И не дожидаясь ответа совершенно обалдевшей Лены, он круто развернулся на каблуках и походкой бывалого солдата, не оглядываясь, пошел прочь. Лена бросилась было за ним, потом, пожав плечами, остановилась, потом все-таки попыталась окликнуть его, но Андрей уже свернул в какой-то узкий переулок и пропал из виду…
Вернувшись в Тарик, Обнорский немного успокоился, проанализировал свое поведение и с безнадежной отчетливостью осознал, что он абсолютно полный мудак. От этого вывода ему стало так горько и стыдно, что он чуть было не побежал в Кратер искать Лену, но вовремя понял, что ее там уже не найдет, – время подходило к девяти вечера, все лавки закрывались. От досады и злости на самого себя Андрей захотел выпить, но перед этим решил наложить на себя «епитимью» – сделать генеральную уборку в комнате, которая была загажена уже до полного свинства. Хоть и маленькая у них с Ильей была комнатка, но для того, чтобы ее, как выражался Семеныч, «отпидорить на ять», Андрею потребовалось часа полтора, а когда он наконец закончил и удовлетворенно оглядел приведенное в человеческий вид жилище, в дверь неожиданно постучали. Сердце у Обнорского почему-то бухнуло (непонятно, кого он рассчитывал увидеть за дверью), и как был, полуголый, он бросился открывать. На пороге стоял майор Пахоменко и с усмешкой разглядывал своего подчиненного:
– Здорово, ваше благородие! В гости пускаете?
– Кого? – тупо переспросил Обнорский.
Пахоменко заржал, и Андрей, спохватившись, сделал приглашающий жест рукой:
– Конечно, Виктор Сергеевич, заходите, пожалуйста…
Пахоменко зашел, огляделся и уважительно присвистнул:
– Молодец, аккуратно живешь… А еще говорят, что все переводяги – засранцы… Сюда хабиров на экскурсию водить можно.
Обнорский скромно потупился и не стал пояснять, что еще два часа назад в его комнату лучше было бы не пускать никого, кроме, может быть, режиссера фильмов ужасов, чтобы тот поучился, какие декорации делать к своим картинам.
Между тем референт развалился в кресле и начал трепаться о всякой ерунде, время от времени хитро поглядывая на Андрея.

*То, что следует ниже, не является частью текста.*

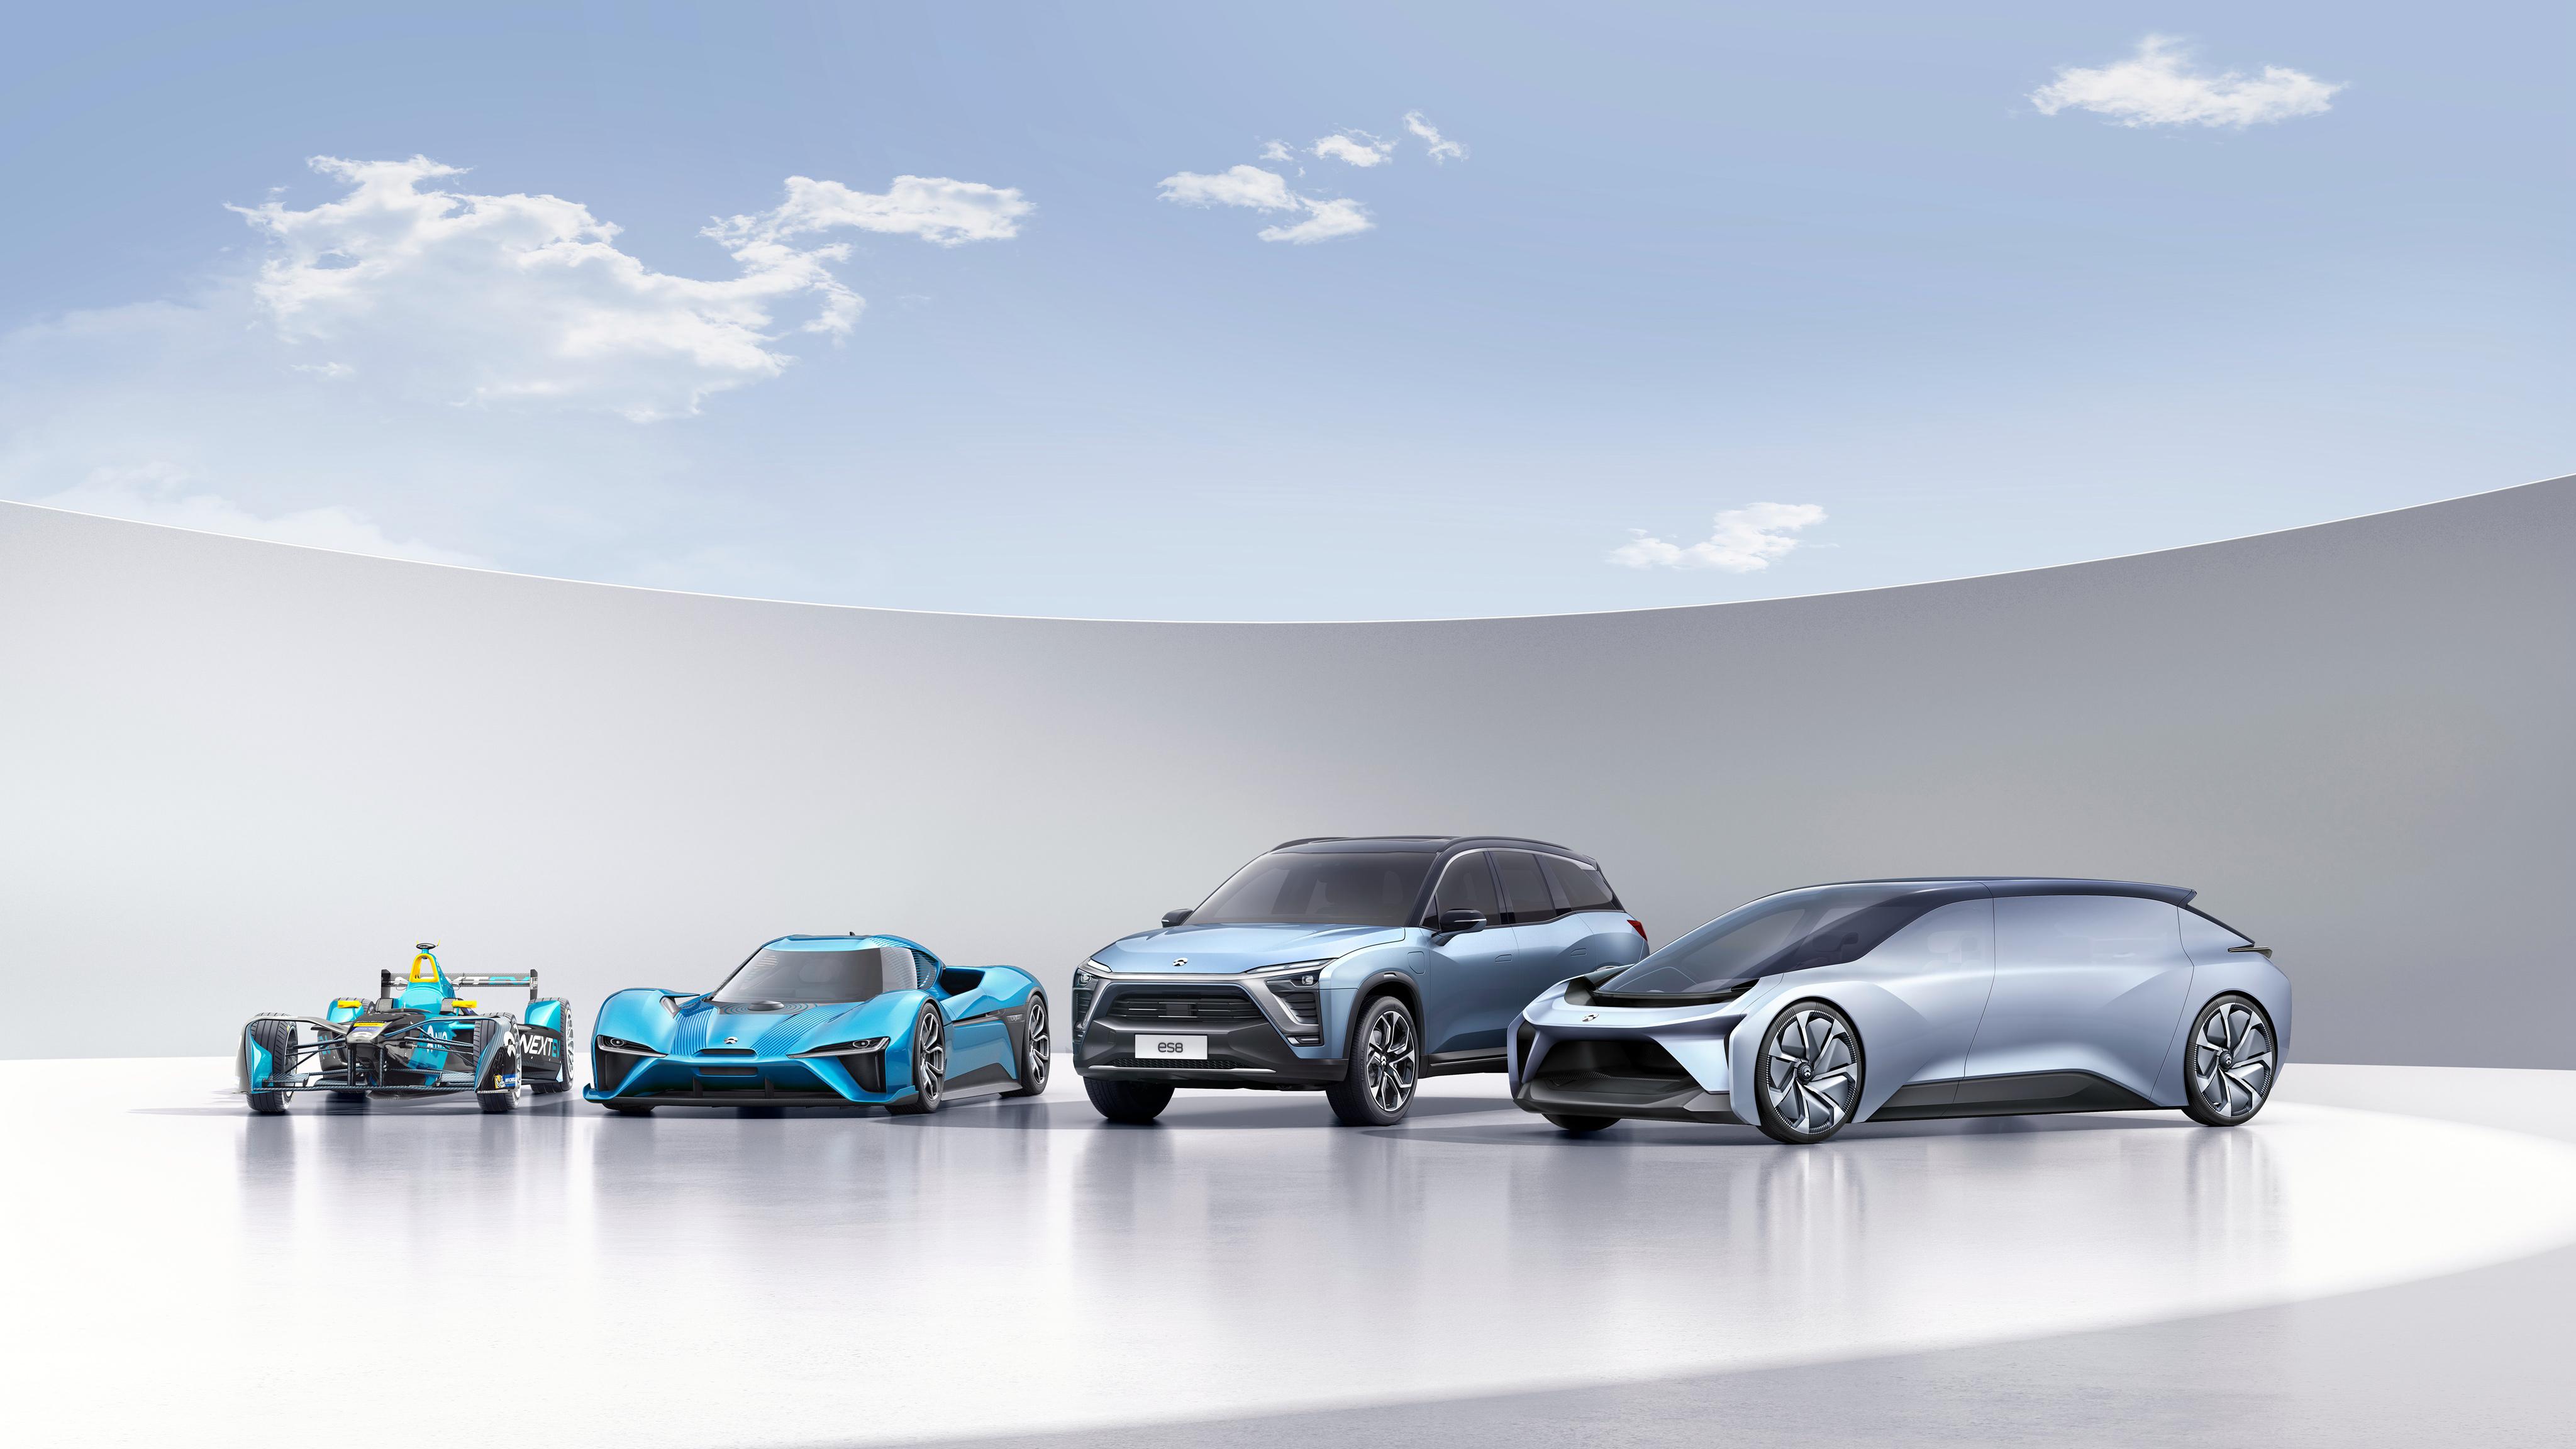 NextEV NIO Electric Cars 4K Wallpaper

Наконец собравшись вроде бы уже уходить, Пахоменко сделал вид, что «вспомнил»:
– Слушай, совсем забыл спросить-то тебя: ты завтра во сколько из своей бригады возвращаешься?
– Часа в четыре, – пожал плечами Обнорский. – А что? Подежурить надо?
Референт усмехнулся и помотал головой:
– Да нет, с дежурством пока все по графику… Тут вот какая интересная история вышла: возили мы сегодня в Кратер с Генкой двух стюардесс – одна его старая знакомая, а другая молоденькая совсем, Леночкой зовут… Да ты сядь, сядь, чего вскочил-то? Так вот, отвезли мы, значит, девчонок на шуф[54], все нормально, можно сказать, культурно… Пока Лена себе какое-то платье выбирала, мы немного вперед ушли, потом вернулись, а девчонка вроде как не в себе малость, злющая, как кошка дикая, стоит, глазами сверкает… И как накинется, понимаешь, на меня, как начала какие-то страшные ужасы рассказывать про какого-то законченного хама – переводчика Андрея из Ленинграда, черненького такого… И на меня попутно чуть ли не бочку говна выкатила – а за что, спрашивается?